2. Effect Modification by LVEF: Although statistically non-significant (P=0.21 for interaction), patients with LVEF ≥65% on β-blockers had a numerically lower KCCQ-OS score (mean difference -6.1 points; 95% CI, -12.3 to 0.0) compared to those with intermediate LVEF strata (55–64% and 45–54%). This may indicate potential differential effects by LVEF subgroup requiring further exploration.
3. Longitudinal Changes and Interaction with Spironolactone: Over 4 months, β-blockers did not significantly modify the health status benefit associated with spironolactone (mean difference 2.9 points with β-blockers vs. 0.1 points without; P=0.20 for interaction). This indicates no synergistic or antagonistic effect on health status outcomes between these therapies in HFpEF.
4. Safety and Tolerability: The study did not directly report safety outcomes related to β-blocker use; however, the lack of worsening health status provides indirect reassurance about tolerability in this population.
Expert Commentary
The lack of clear benefit or harm in health status conferred by β-blockers in HFpEF contrasts with the established efficacy of β-blockers in HFrEF, highlighting the distinct pathophysiological mechanisms driving HFpEF. The nominally lower health status scores in patients with very high LVEF (≥65%) might reflect underlying heterogeneous myocardial or vascular factors or comorbidities not fully captured by this analysis.
Current HFpEF guidelines emphasize individualized care focusing on symptom management and comorbidity control. While β-blockers remain staples for associated conditions like ischemic heart disease and atrial fibrillation, their role as primary therapy for health status improvement in HFpEF is not supported by these findings.

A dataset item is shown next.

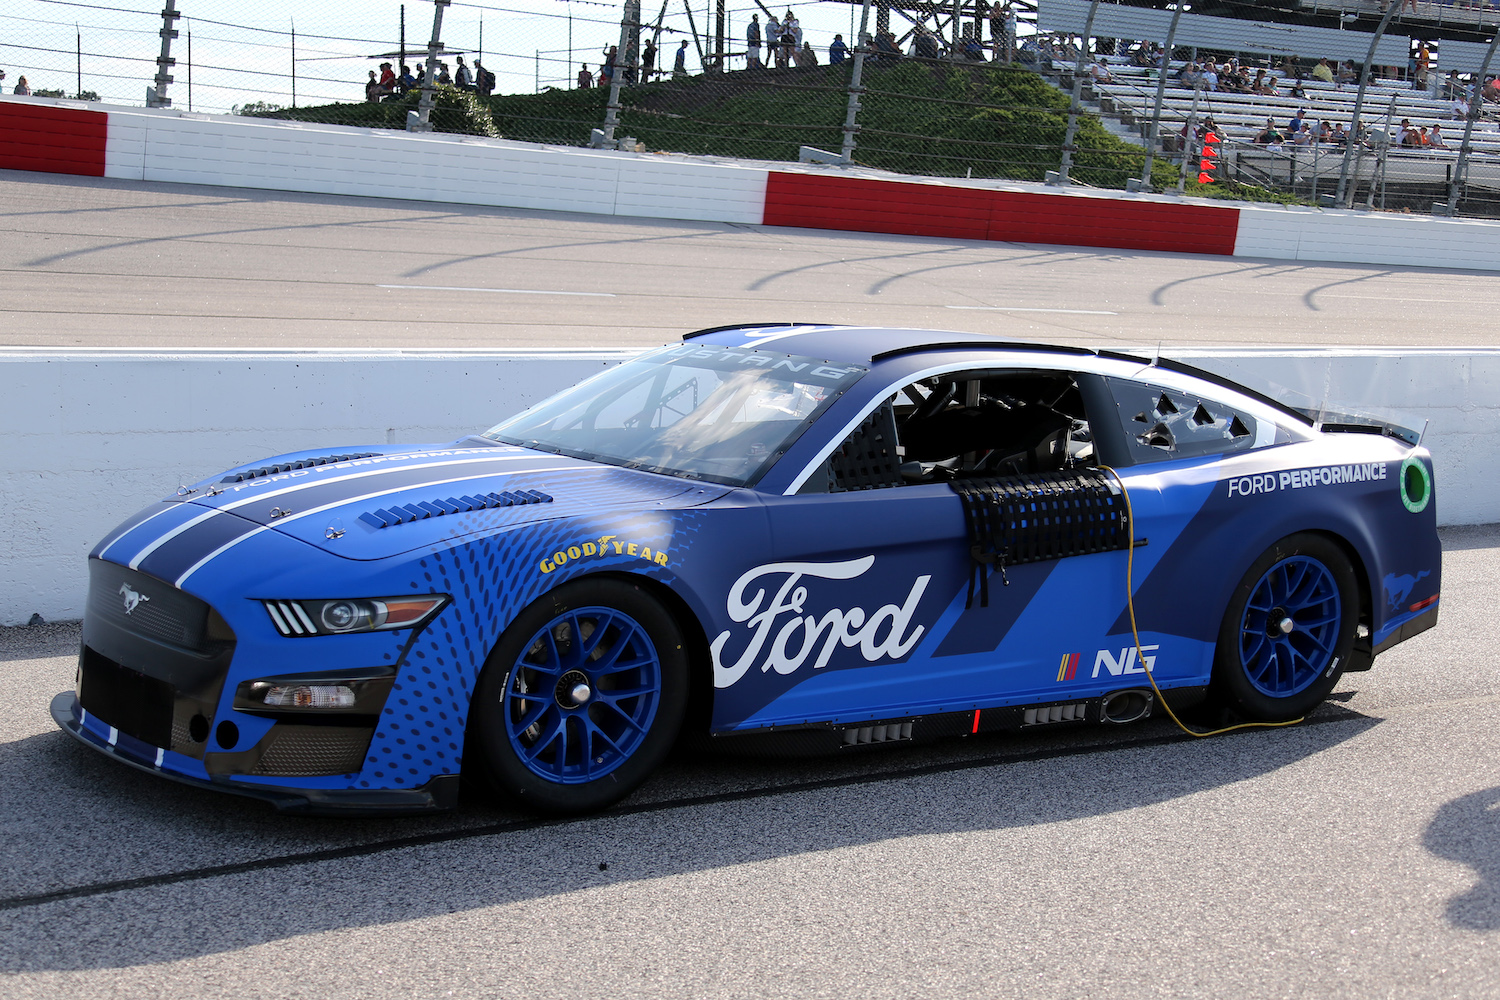 This is the 2022 NASCAR Next Gen Ford Mustang race car. The Next Gen cars are more stock than current NASCAR race cars.

This study’s strengths include a well-characterized clinical trial population and rigorous adjustment for confounders. Yet, limitations include its observational nature regarding β-blocker exposure, potential residual confounding, and exclusion of patients from regions with trial enrollment concerns. Additionally, health status changes were assessed over a relatively short duration (4 months), which may not fully capture long-term effects.
Conclusion
In this secondary analysis of the TOPCAT trial cohort, β-blocker use among patients with HFpEF was not associated with significant differences in baseline health status or modification of the health status benefits derived from spironolactone therapy over 4 months. These findings suggest that routine β-blocker use may not improve patient-reported health outcomes in HFpEF, although further research is needed to clarify effects in specific subgroups and over longer durations.
Clinicians should continue to individualize treatment based on comorbidities and symptomatic needs rather than expecting uniform health status improvement solely from β-blocker therapy in HFpEF. Ongoing and future clinical studies exploring novel therapies and patient-centered outcomes will be critical in refining the management of this complex syndrome.
References
1. Abdel Jawad M, Spertus JA, Cho YJ, Jones PG, Arnold SV. β-Blocker Use and Health Status Among Patients With Heart Failure With Preserved Ejection Fraction. JAMA Netw Open. 2025 Aug 1;8(8):e2529519. doi: 10.1001/jamanetworkopen.2025.29519. PMID: 40875231; PMCID: PMC12395312.
2. Paulus WJ, Tschöpe C, Sanderson JE, et al. How to diagnose heart failure with preserved ejection fraction: the HFA-PEFF diagnostic algorithm: a consensus recommendation from the Heart Failure Association (HFA) of the European Society of Cardiology (ESC). Eur Heart J. 2020 Jan 14;41(40):407-432. doi: 10.1093/eurheartj/ehz859.
3. McDonagh TA, Metra M, Adamo M, et al. 2021 ESC Guidelines for the diagnosis and treatment of acute and chronic heart failure. Eur Heart J. 2021 Sep 21;42(36):3599-3726. doi: 10.1093/eurheartj/ehab368.